Сложилось только не так, как хотелось бы. Человек предполагает, а Бог располагает, мой мальчик. Да-да, для меня ты и сейчас еще мальчик. Взрослый, разумный, успешный мальчик. Мой мальчик… Я, как мог, старался следить за тобой все эти годы. За твоими успехами, твоими шагами, исканиями и поражениями. Хотя поражений-то как раз было мало. Я наблюдал за тобой и с гордостью узнавал в тебе себя много лет назад. Если бы я не поспешил родиться… Если бы не досталась мне страшная „развитым социализмом“ эпоха, эпоха, когда черное упорно называли белым, то и наша жизнь, возможно, сложилась бы по-другому…
Наверно, я бы еще тянул и откладывал наш разговор, да только тянуть больше некуда. Сколько мне Богом отпущено, неизвестно, а уйти, не объяснившись, было бы самым тяжким мне наказанием.
Я буду счастлив, очень счастлив видеть тебя возле себя. Ты навсегда мой единственный сын, независимо от твоего на это взгляда. Если ты будешь снисходителен ко мне и согласишься на нашу встречу, то тебе объяснят, как и где меня найти. Если же нет, то я не буду держать обиды – у всякого решения есть свои причины, и, думаю, мне они будут понятны. Я хочу, чтобы ты знал, что в любом случае я горжусь тобой. Твой отец».
Голос смолк, и только еле слышно шипел диктофон.
В горле Сергея изо всех сил натянулась ниточка, а глаза обильно повлажнели. Да он и не стеснялся того, что не может удержать катящихся по щекам капель. Дрожащими руками Сергей Кириллович перемотал запись на начало, только с третьей попытки сумел прикурить сигарету и, жадно затянувшись, снова нажал «Play».

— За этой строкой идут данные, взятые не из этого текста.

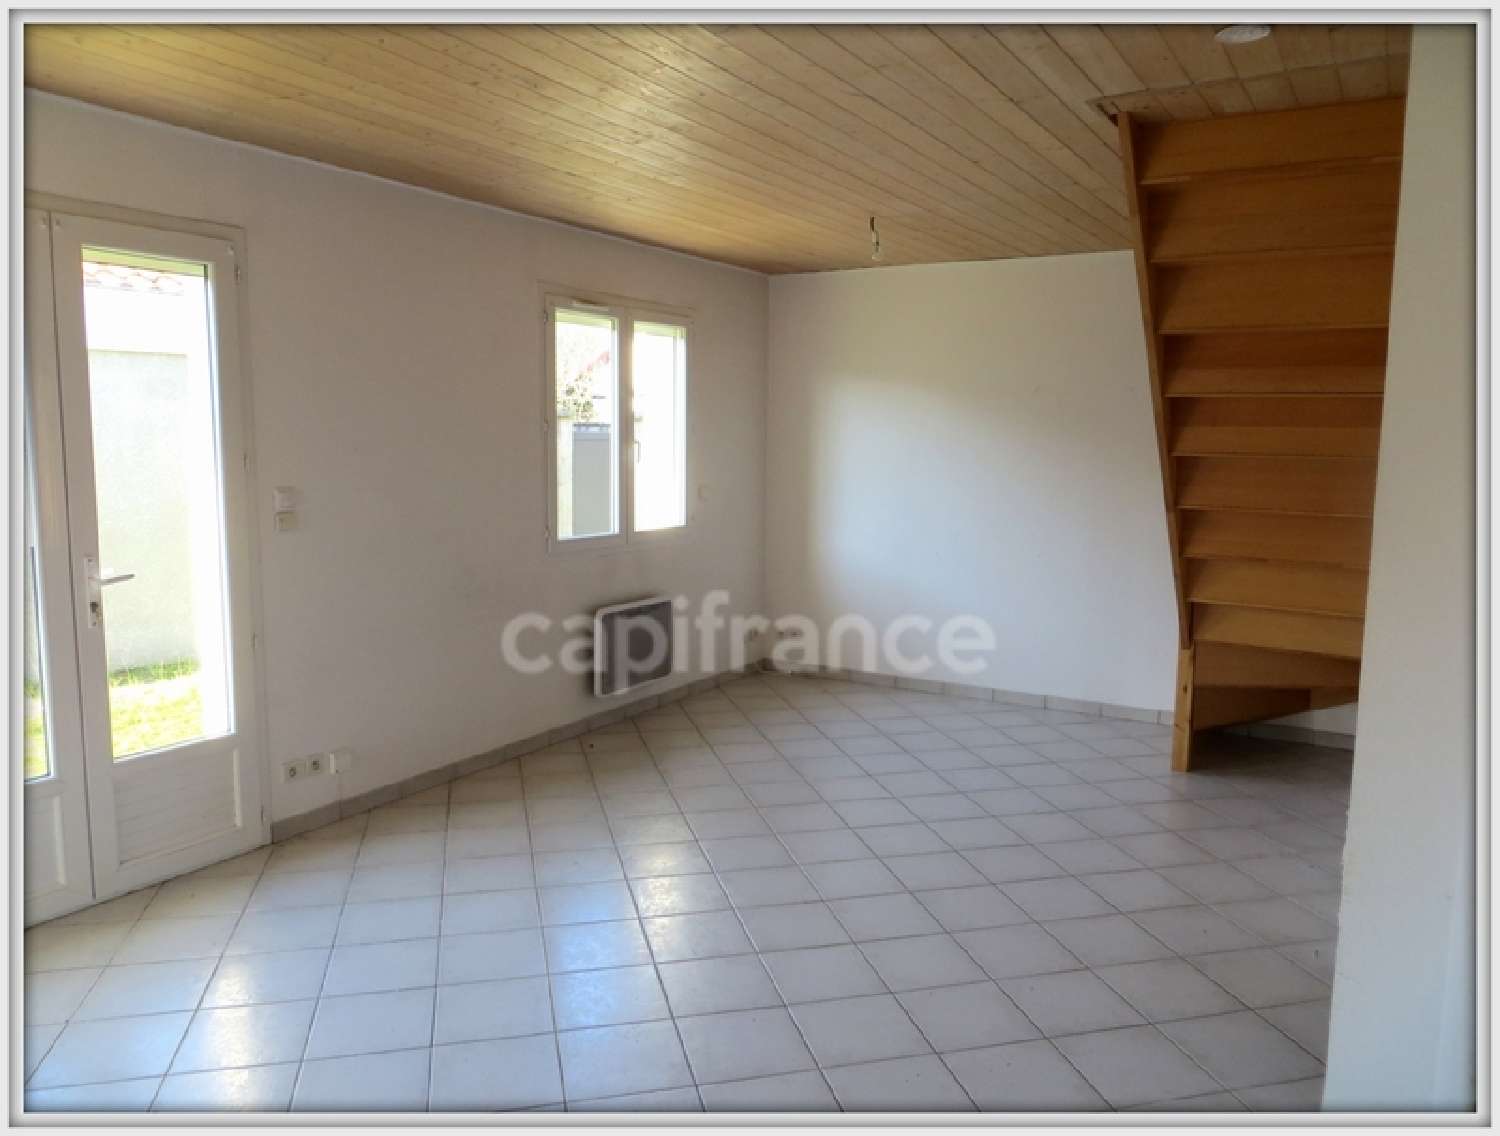  for sale apartment Lanton Gironde 2

Потом, давясь дымом и слезами, невидящими глазами глядел в темноту за окном, в шипении пытаясь найти еще какой-то скрытый смысл слов. Безучастно летели мимо окна пышные толстые снежинки…
19
Сергей не знал, сколько просидел вот так, глядя в окно, гася обжигающую пальцы сигарету и тут же зажигая другую, слушая навалившуюся ватную тишину, пока с кухни не раздалось тактичное покашливание Тимухина. Сергей воровато стер с лица слезы. Нужно было, видимо, что-то говорить, а он молчал и ощущал себя абсолютно необъяснимо. Словно был разобран на части. Эти части никак не собирались обратно, в единое целое. А если и собрались бы, то это был бы уже не тот, не прежний Сергей Кириллович.
– Сергей Кириллович, – мягко начал разговор Тимухин, – ваш отец много лет живет в Южно-Африканской республике. Он хорошо обеспечен и ни в чем не нуждается. И ни в ком. Кроме вас. Но, как вы, наверно, поняли, решение остается за вами.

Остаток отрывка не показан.